About Me

Ithaca, New York
MWF, now officially 42, loves long walks on the beach and laughing with friends ... oh, wait. By day, I'm a mid-level university administrator reluctant to be more specific on a public forum. Nights and weekends, though, I'm a homebody with strong nerdist leanings. I'm never happier than when I'm chatting around the fire, playing board games, cooking up some pasta, and/or road-tripping with my family and friends. I studied psychology and then labor economics in school, and I work in higher education. From time to time I get smug, obsessive, or just plain boring about some combination of these topics, especially when inequality, parenting, or consumer culture are involved. You have been warned.

Friday, May 4, 2012

#41: We Bought a Zoo

We Bought a Zoo: The Amazing True Story of a Young Family, a Broken Down Zoo, and the 200 Wild Animals That Change Their Lives Forever, by Benjamin Mee (New York: Weinstein Books, 2008)


Summary:
"In the market for a house and the adventure of a lifetime, Benjamin Mee decided to uproot his family and move them to an unlikely new home: a dilapidated zoo in the English countryside, complete with over 200 exotic animals. Mee, who specializes in animal behavior, had a dream to refurbish the zoo and run it as a family business. Naturally, friends and colleagues thought he was crazy.
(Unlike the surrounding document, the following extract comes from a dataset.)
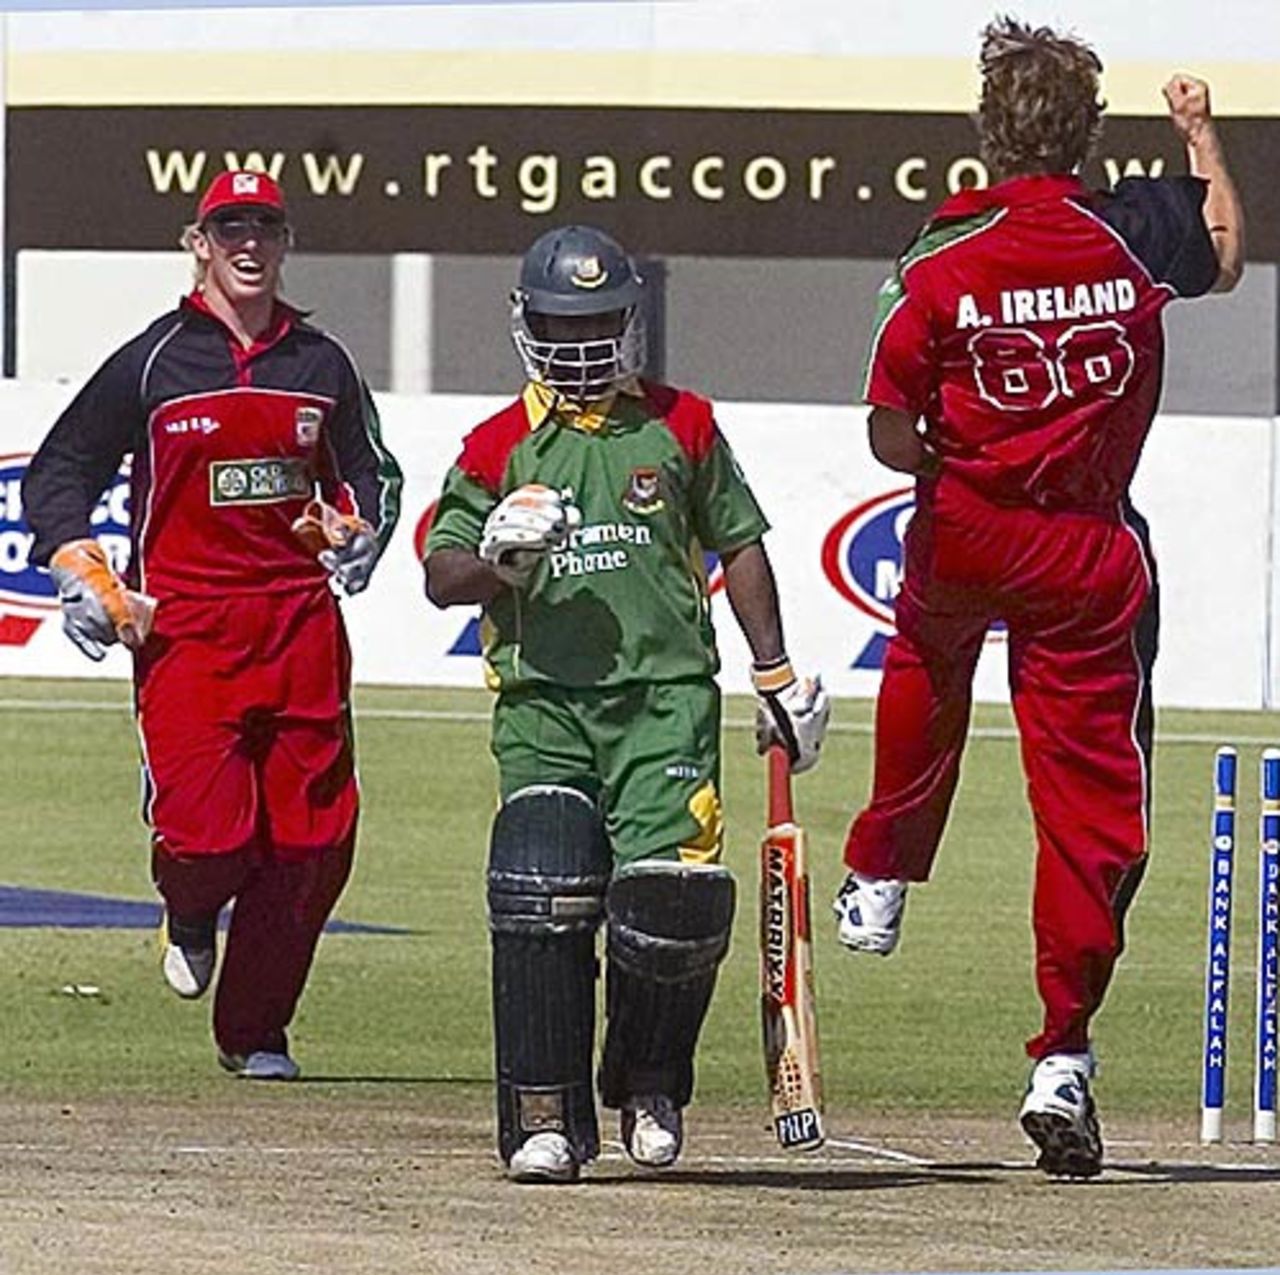 Anthony Ireland celebrates Aftab Ahmed's wicket, Zimbabwe v Bangladesh, 3rd ODI, Harare, August 2, 2006

"Mee's pipe dream became a reality in October 2006, when he and the rest of the Mee clan -- wife Katherine, son Milo (age six), daughter Ella (age four), brother Duncan, and Benjamin's seventy-six-year-old mother -- relocated to the Dartmoor Wildlife Park and met their new neighbors, including Solomon, an African lion and scourge of the local golf course; Zak, the elderly Alpha wolf, a benevolent dictator clinging to power; Ronnie, a Brazilian tapir, easily capable of killing a man but hopelessly wimpy; and Sovereign, a jaguar who had devised a long-term escape plan and implemented it.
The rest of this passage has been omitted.